Cell type identification and clustering analysis were performed using the Seurat program [59 (link), 60 (link)]. Cell-by-gene matrices for each sample were individually imported to Seurat version 3.1.1 for downstream analysis [60 (link)]. Uniform manifold approximation and projection (UMAP) and t-distributed Stochastic Neighbor Embedding (t-SNE) were performed to visualize cell clusters. Upregulated enriched genes were determined to be significant with a threshold standard of fold change >1.28 and a P-value <0.01. Differentially expressed genes (DEGs) were considered significant with a fold change >1.50 and P-value <0.05.

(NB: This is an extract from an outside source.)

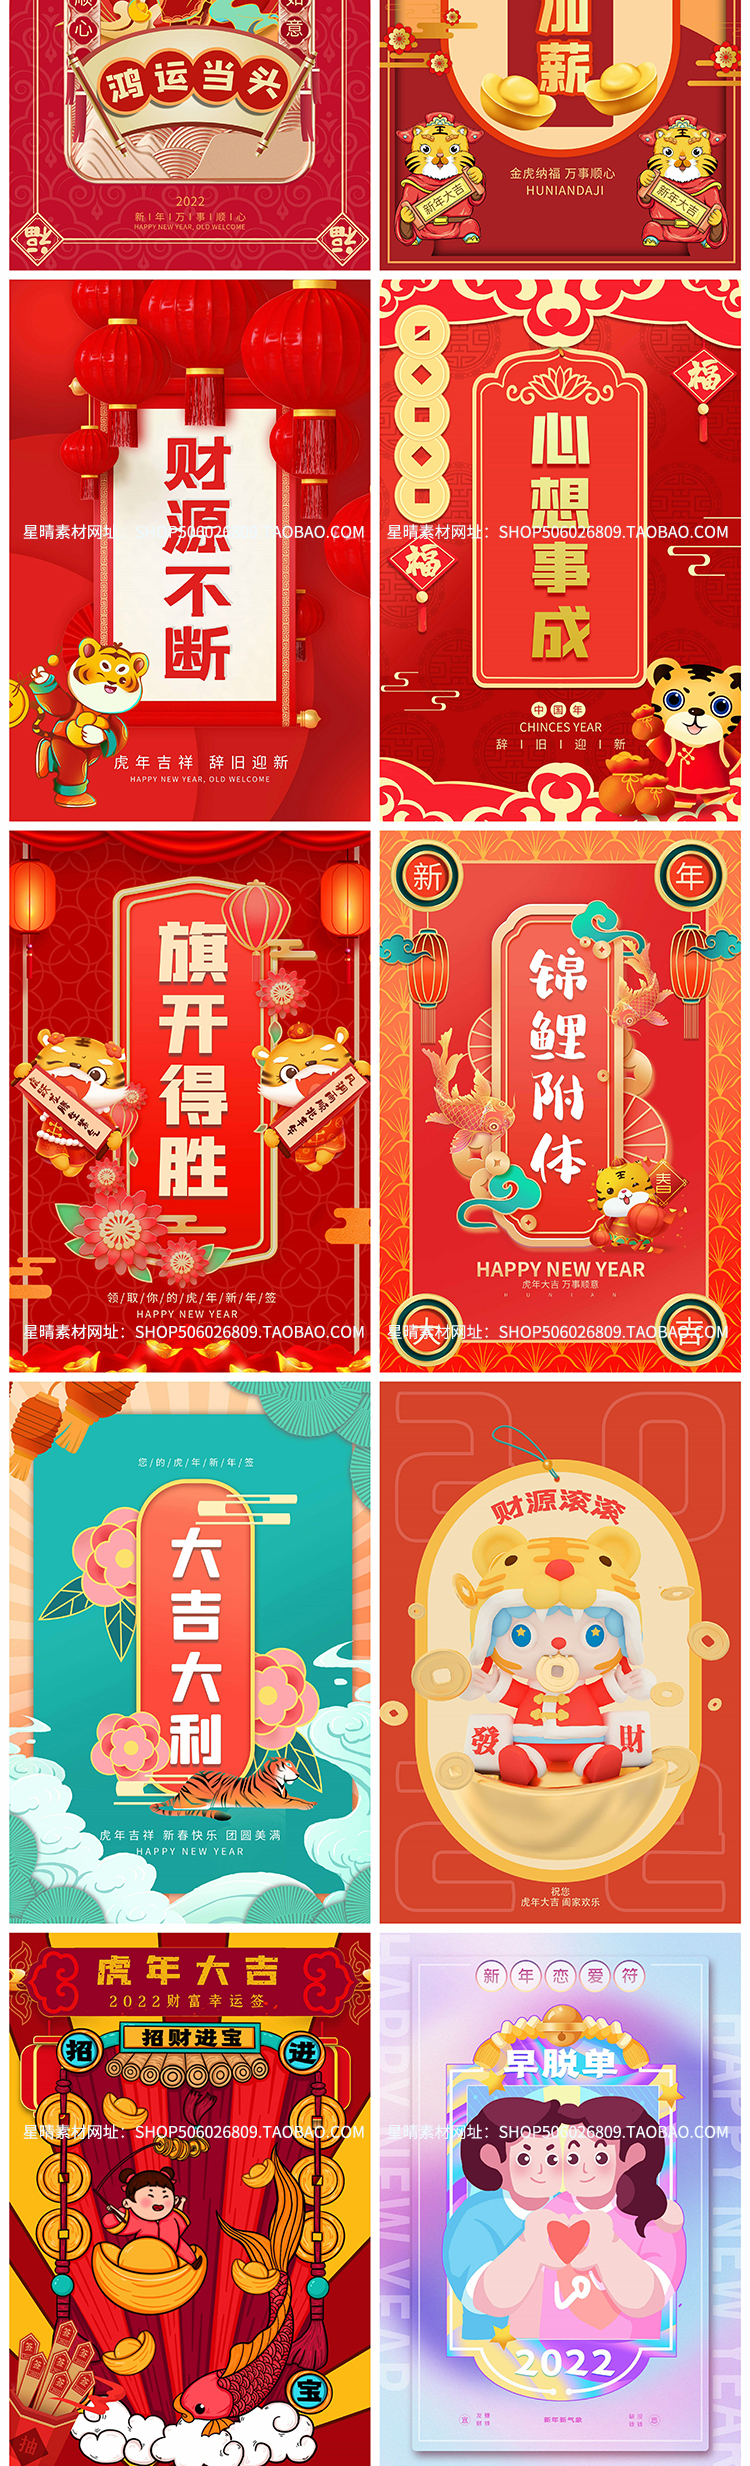 2022虎年春节卡通新年好运祝福语psd设计素材

Gene Ontology (GO) and Kyoto Encyclopedia of Genes and Genomes (KEGG) analyses were carried out on the gene set using clusterProfiler software to explore biological functions or pathways significantly associated with specifically expressed genes [61 (link)].
For correlation analysis, gene sets were calculated based on average expression counts that belong to each set of features via the PercentageFeatureSet function in the Seurat package [46 (link)]. Pearson correlations were calculated among these gene sets or signatures. Gene correlation analysis was performed directly on the data matrix by the Pearson correlation method.
Monocle 2 (version 2.10.1) was used to perform single cell trajectory analysis based on the matrix of cells and gene expression [62 (link)]. Monocle 2 reduced the space down to one with two dimensions and ordered the cells [63 (link)]. Once the cells were ordered, the trajectory was visualized in the reduced dimensional space. Pseudotime trajectory analysis was used to further analyze the germ cell differentiation trajectories to identify key factors or pathways required for different novel stages during spermatogenesis.